吵吵鬨鬨的,再吵到了太子妃和太子殿下,那還有什麼好日子了?
“你!”
楊照文氣的紅溫。
“好了,楊兄,梅兄,何必一碰麵就這樣?”許明鏡這些日子,已經成了和事佬。
“分明是他!總看傻子一般的看著我,我一見他這眼神便覺得火大!”楊照文出自西河楊氏,走到哪裡都是萬人追捧的,何時受過這樣的委屈?
可自從來了太子府裡,成天在這三思閣內。
雖然說太子殿下的確讓他們開了眼界,但是年少輕狂的年紀,誰不想出去揚名?
他不能揚名也就罷了,梅知景還天天鄙夷他!
梅知景不委屈,但是也很想狡辯一下。
想了許久,還是決定如實說:“楊照文,大家日後都是同僚,都為太子殿下做事。

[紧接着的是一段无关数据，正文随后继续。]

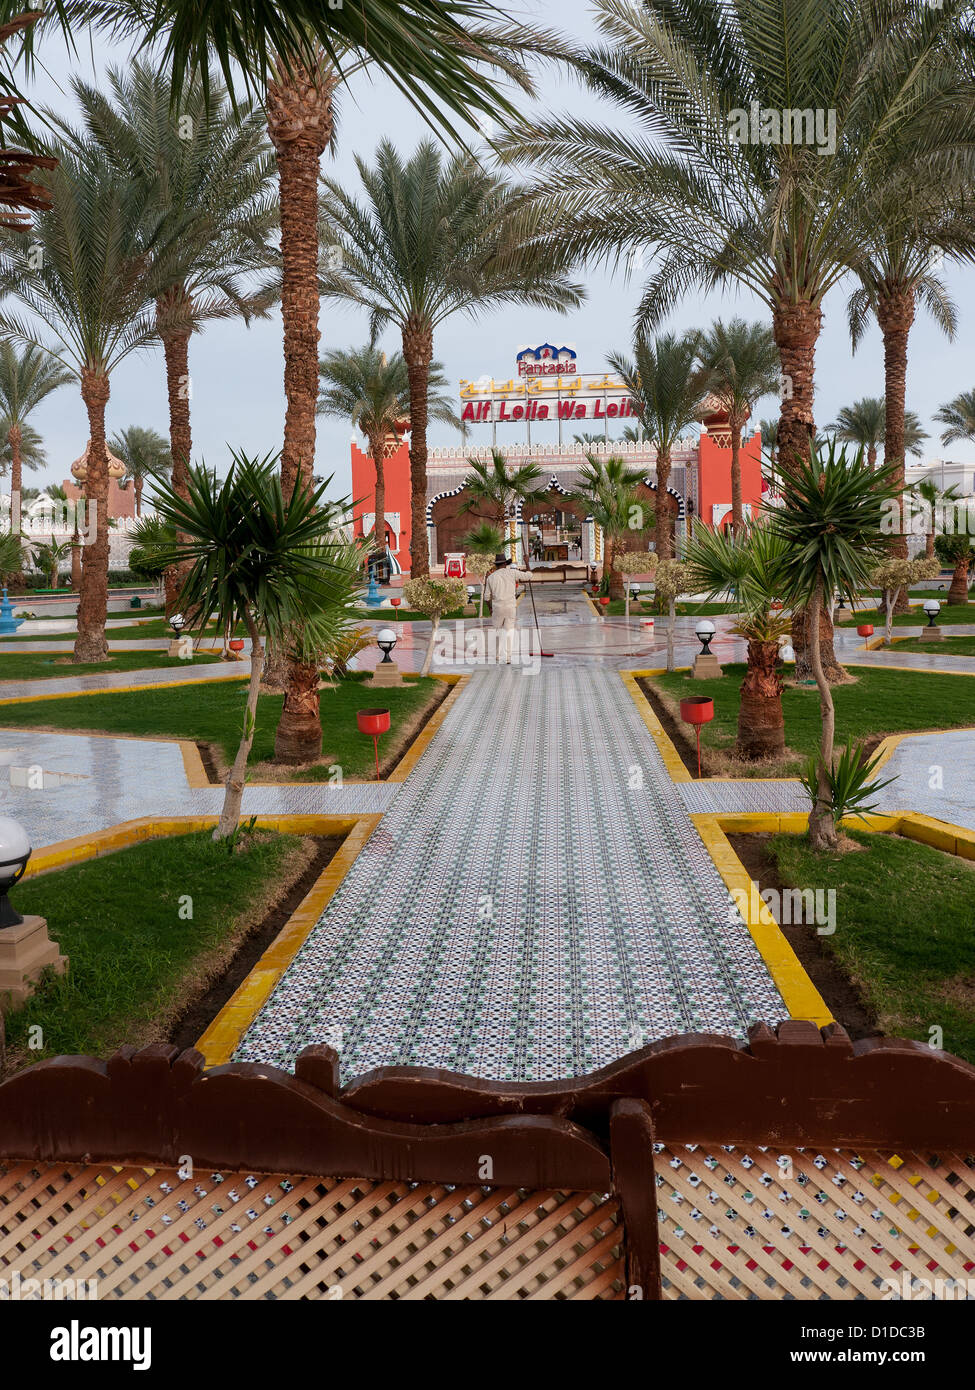 Jardins d'intérieur de Fantasia, un centre de divertissement à Charm El Cheikh, Egypte Banque D'Images

你有空在這兒爭什麼第一,不如想想如何幫助殿下解決煩惱。
殿下可不一定在意這狀元的名頭。
你們西河楊氏,想必有許多能讓殿下滿意的東西。”
梅知景一番話,讓楊照文沉默了。
最近,殿下似乎的確是看重梅知景許多,難道真的是需要他們為殿下創造價值?
三思閣裡的一切,魏安寧和楚承淵並不知道。
這兩日的時間裡,兩人一直在讓人打聽受災地方的情況。
轉眼的,到了夜裡。
太子府的門口,兩人從府門內出來。
魏安寧與楚承淵兩人,皆是一身的蘭芝紫色的錦衣,同樣的配色之下,穿出的感覺,卻好似冰與火一樣。
楚承淵就好似那凜然冬雪,而魏安寧,則更像是這正熱的天氣下,那一團烈火。
今日是乞巧節,也是最近夜裡的京城最熱鬨的時候。
京城的夜景極好,兩人坐上了馬車,今日是江天駕車,直奔著月老祠的方向而去。